- _Exercise_: From the first line to the last, retype everything below exactly, minus the pictures.

- _Data extract_:

⟨

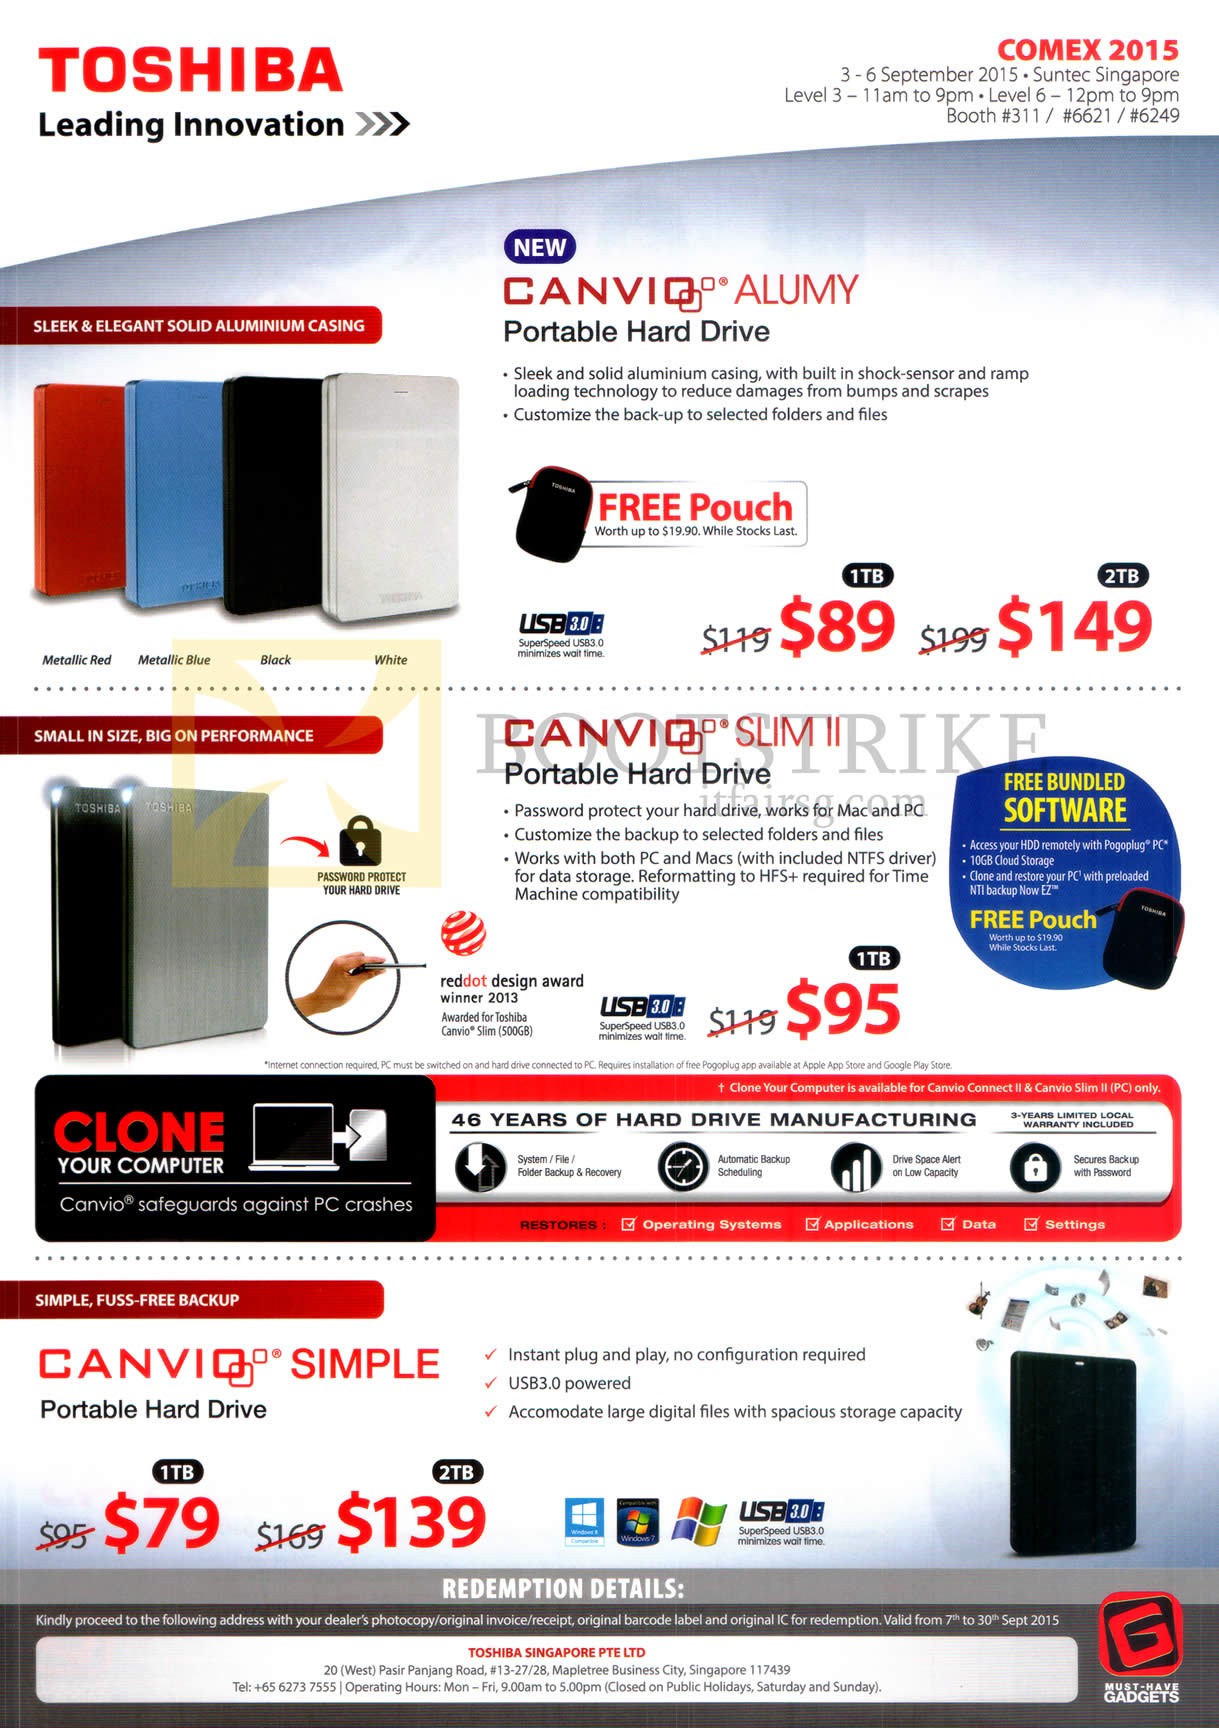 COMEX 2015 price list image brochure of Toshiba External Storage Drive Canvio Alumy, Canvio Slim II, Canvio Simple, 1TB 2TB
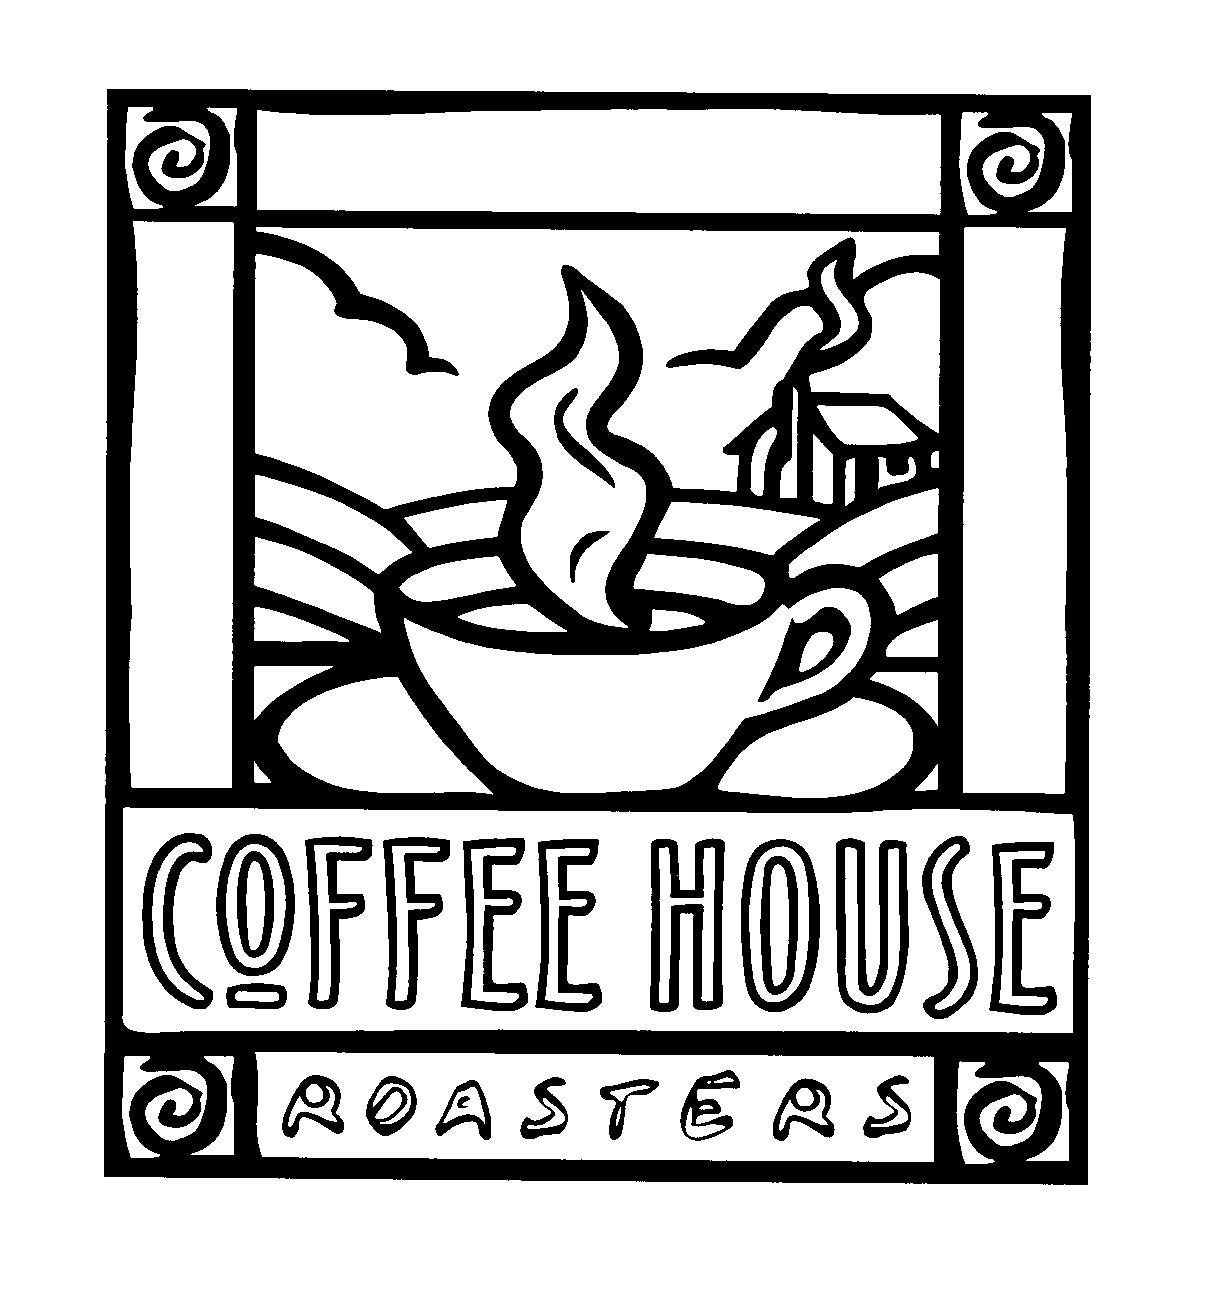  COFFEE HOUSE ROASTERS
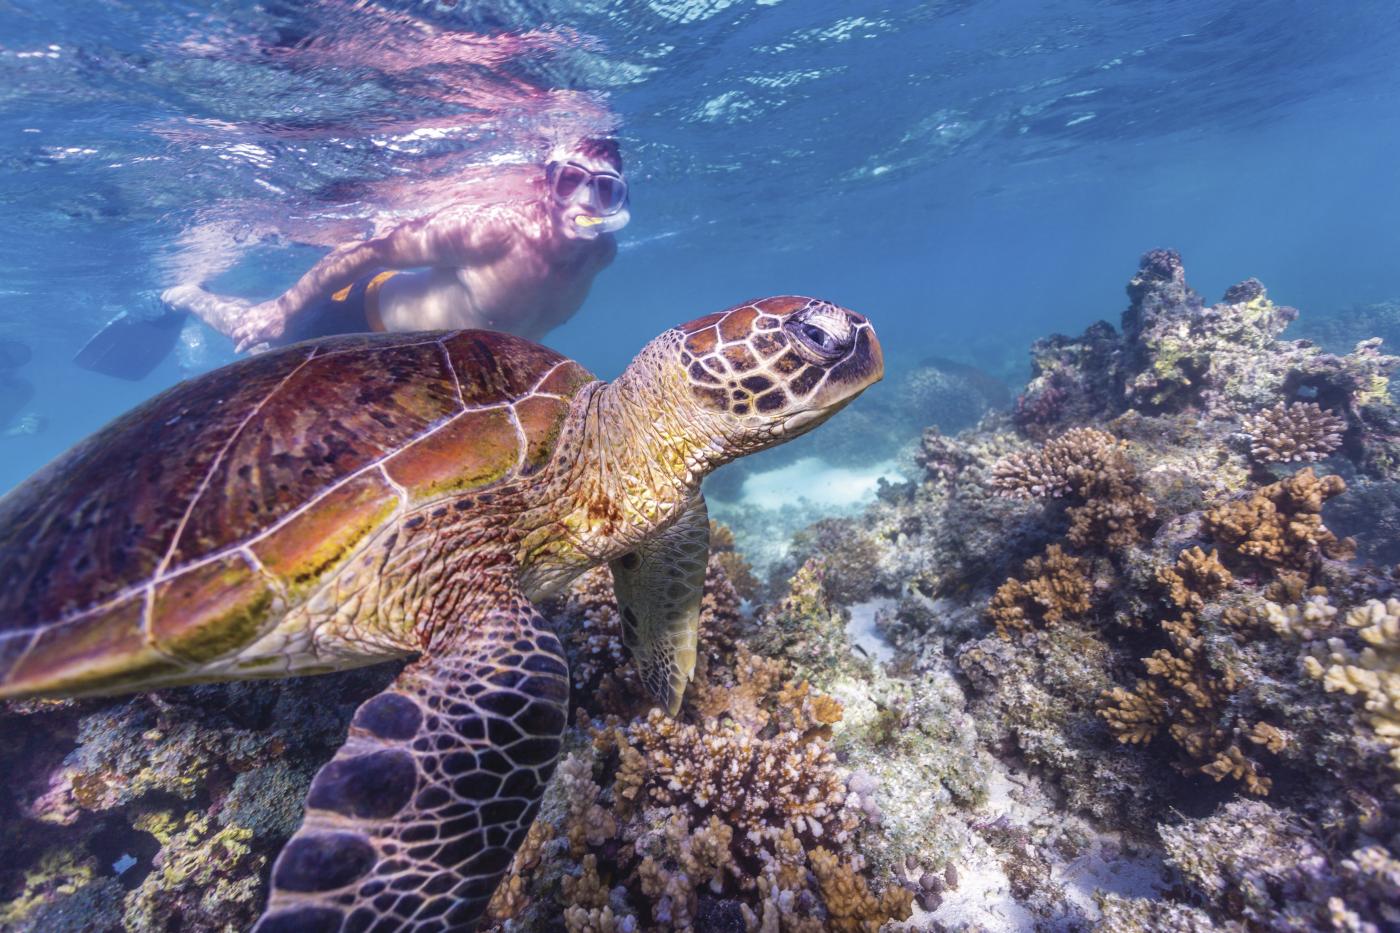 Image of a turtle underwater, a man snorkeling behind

⟩

- _Answer to the problem_:
 COMEX 2015 price list image brochure of Toshiba External Storage Drive Canvio Alumy, Canvio Slim II, Canvio Simple, 1TB 2TB
  COFFEE HOUSE ROASTERS
 Image of a turtle underwater, a man snorkeling behind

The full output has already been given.